Famous Last Words

Yesterday was the day Debbie and I had been waiting for since we moved to Chelmsford in August 2005. We had worked out when both of our children would finally be full-time at school, and it would be January 2009. Hence, with Rebekah having been at school since September 2007, Mark would step up from mornings only (which he’d done for the Autumn Term) to a whole day this last week. We had promised ourselves lunch out together, just the two of us.

And so it came to pass that yesterday we found ourselves in the first place we had earmarked for a lunch date: the local branch of La Tasca. Yes, it’s a restaurant chain but rather nicer than any chains we ever had in Medway and neither of us had ever eaten Tapas. We arrived with a voucher for fifty per cent off our meal and discovered they had a better deal: lunch for two for ten pounds (drinks and gratuity excluded).

So it was that we enjoyed chorizo sausage, squid (well I did, Debbie doesn’t like seafood), vegetarian paella, Spanish omelette and a beautifully dressed salad. Hungry, anyone?

Afterwards, knowing that we needed a new salt and pepper set, we headed for Debenham’s, trying to score a bargain in their sale, if any were left. Our old salt mill fools everyone because it has a plastic cover on the bottom to avoid a mess. Many of our guests don’t notice this if we forget to tell them and then wonder why they aren’t getting any salt. The pepper mill had – shall we say, ground to a halt. (Sorry, I couldn’t resist the pun.)

Having taken the escalator from outside the back of the store to the first floor, we discovered that the ‘home’ section of the store was on the second floor. As we climbed a flight of stairs, we were assaulted by lurid (if they can be in monochrome) posters bragging about all the designer labels the shop sells. I expressed my disdain about people who pay out just to be seen with a particular name on their clothing, and on we went.

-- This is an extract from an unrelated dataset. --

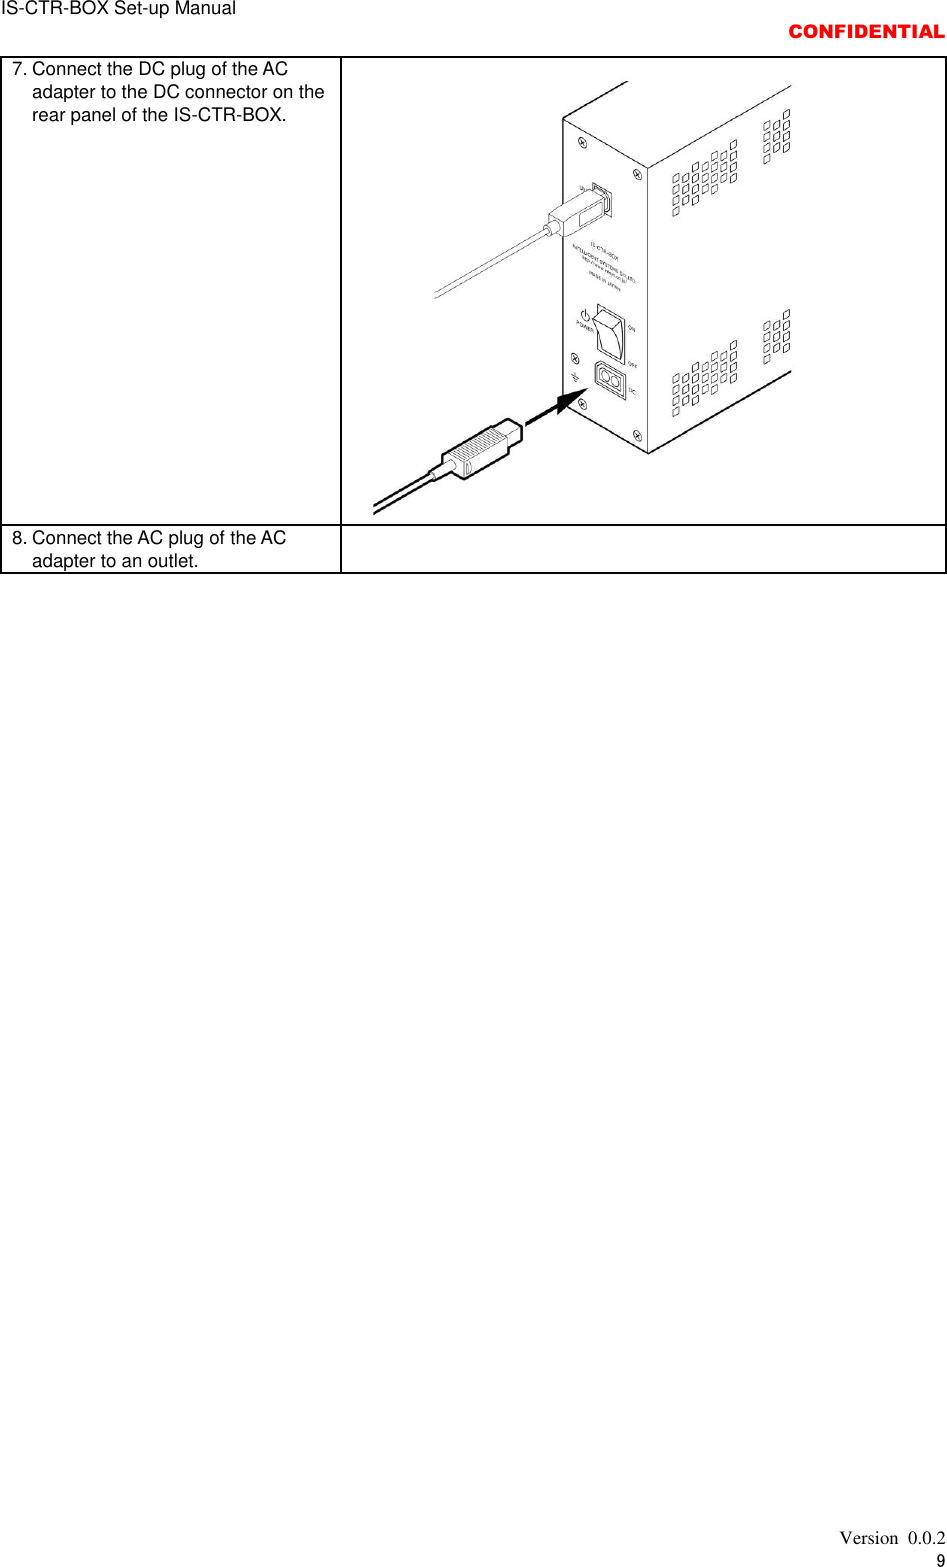 IS-CTR-BOX Set-up Manual  CONFIDENTIAL   Version  0.0.2 9 7. Connect the DC plug of the AC adapter to the DC connector on the rear panel of the IS-CTR-BOX.  8. Connect the AC plug of the AC adapter to an outlet.

Then the inevitable happened. Debbie reminded me my dressing gown was tatty and I needed a new one. She saw some in the sale. Twelve pounds. Excellent. Except they were a designer label. John Rocha.

So much for eschewing designers. At that price I caved in and dragged it around the store while continuing to look for salt and pepper mills. My big anti-designer words went out of the window at the sight of the price. I guess Naomi Klein won’t be signing me up that quickly. At least I won’t be inviting you around to see me wearing the dressing gown. You wouldn’t want to see me first thing in the morning. So I’m not buying it to show off. And doubtless there are those who would consider it inappropriate for me to own such a garment: perhaps the church is paying me too much.

The cruet set? Well, there was nothing in the sale. We settled on a cheap (by Debenham’s standards) set for ten pounds, passing on the sets that retailed for twenty or even thirty-six. That’s more like it.